I tried that but I can't get a straight cut from them. :laughing:


----------



## cowboy dan (Apr 11, 2010)

ScottyB said:


> I tried that but I can't get a straight cut from them. :laughing:


 
sorry. in my shop i play mechanic and carpenter. so my tip is refering to raising a car


----------



## johnv51 (Oct 27, 2008)

1. Always wait for the blade to stop before picking any pieces up.
2. I enjoy woodworking and drinking but when I've tried to do them at the same time I screw both up completely.
3. If I feel tired, upset or distracted I take a break or stop for the day.


----------



## cfbrew2 (Apr 15, 2010)

Here is a good safety tip. Make sure your tools are sharp. A dull tool is more dangerous.


----------



## jaleentreveon (Apr 22, 2010)

Thanks for your nice tips.It helped me a lot....


----------



## Tony B (Jul 30, 2008)

*Safety Tips*

Rule No. 1 : If you have to think whether a particular operation is safe or not, then it is likely _*not.*_ See if you can up with a better plan of attack. 

Rule No. 2: No Distractions while working. This means no kids, no pets or otherwise unnecessary people hanging around. Also include personal problems as a distraction. Different things distract different people. Generally, If I am on the table saw I can stay focused on what I am doing when others are also working with power tools. What distracts me more than anything is when someone is trying to sweep up when I am working. Probably because of the movement all over the place. In either case, I shut down the clean-up when I am on the table saw. 

Rule No. 3: When operating a table saw, stand where you have the best balance and most control over the work piece. If that means standing directly in the line of fire of possible kick-backs, so be it. If you purposely go out of your way to *not* stand directly behind the blade, you will most likely be the cause of kick-backs, except you might lose fingers instead of getting hit with a piece of wood. If you are that scared of kick-backs, get rid of your table saw because the fear alone is a major distraction. 

here are a few more.

If you even think you need help with something stop immediately and get help.

No alcohol while on a work shift.

If something just don't feel right, don't do it. 

If an operation requires more than just you, take a few minutes to explain exactly what your intentions are and how it will be done with each individual's function outlined. If while performing the operation, something changes or things aren't working out as planned, stop the operation and re-think it as a group. This even includes simple things like 2 people erecting a scaffold. These discussions usually only take 3 to 5 minutes and the time saved when working as a team more than makes up for the 5 minutes of meeting time. There was a time when these little pre-task discussions were called a 'joint meeting' but I dont allow drugs in my shop - thus the term 'pre-task'. 

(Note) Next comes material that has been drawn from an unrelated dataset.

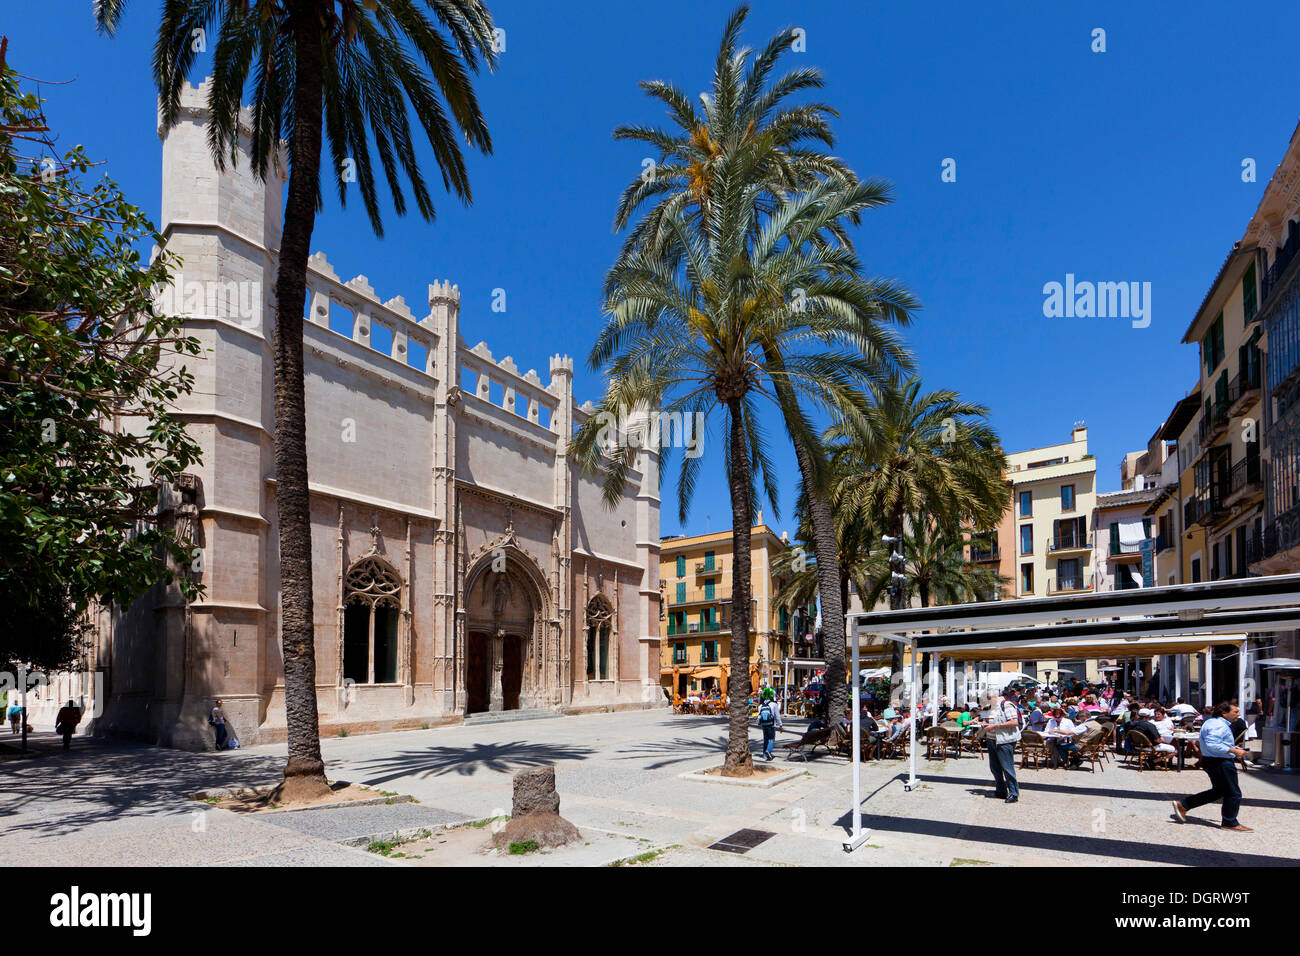 Ancien Sa Llotja commercial maritime change, la façade gothique catalan, en l'espace d'expositions pour les arts et la culture Banque D'Images

I have electrical recepticles on my work benches and out feed table mounted directly under the top. This puts electricity at waiste height so there is absolutely no reason to not pull the plug when working on tools. Make your electricity readily accessable and removing plugs when working on tools or changing blades will be easy to do. No bending or twisting.


Fortunately, in 30 years of woodworking and many of those years full time, I have not had any major injuries nor has anyone that worked for me.


----------



## Stick (Aug 23, 2007)

*Kickbacks*

I see a lot of talk about kickbacks in this thread. Honestly, I've only had my basement shop for about 3-4 years, but I've never had a single kickback. For those who are having that problem, I'd advise giving the TS a good 'ole tune up and getting a sharp blade. Make sure the fence is 3-5 thousandths of an inch further away from the back of the blade than the front to keep the blade from "pinching" the wood as it passes. The other thing I try to do is make sure I never cut a piece of wood between the blade and fence that too small for a push stick. If I can't keep something on it, it doesn't belong there (in my shop, of course). If I need to cut an eighth of an inch off a board, that eighth goes to the outside of the blade.... not between the blade and fence. 
Anyawy... as others have said, my #1 rule is don't turn on a saw when you're tired, drunk, or mad. I do, however use my woodshop as a great release from a hard day, not the same as woodworking when you're mad. Good luck out there!!


----------



## mwhals (Apr 13, 2010)

Stick said:


> Anyawy... as others have said, my #1 rule is don't turn on a saw when you're tired, drunk, or mad. I do, however use my woodshop as a great release from a hard day, not the same as woodworking when you're mad. Good luck out there!!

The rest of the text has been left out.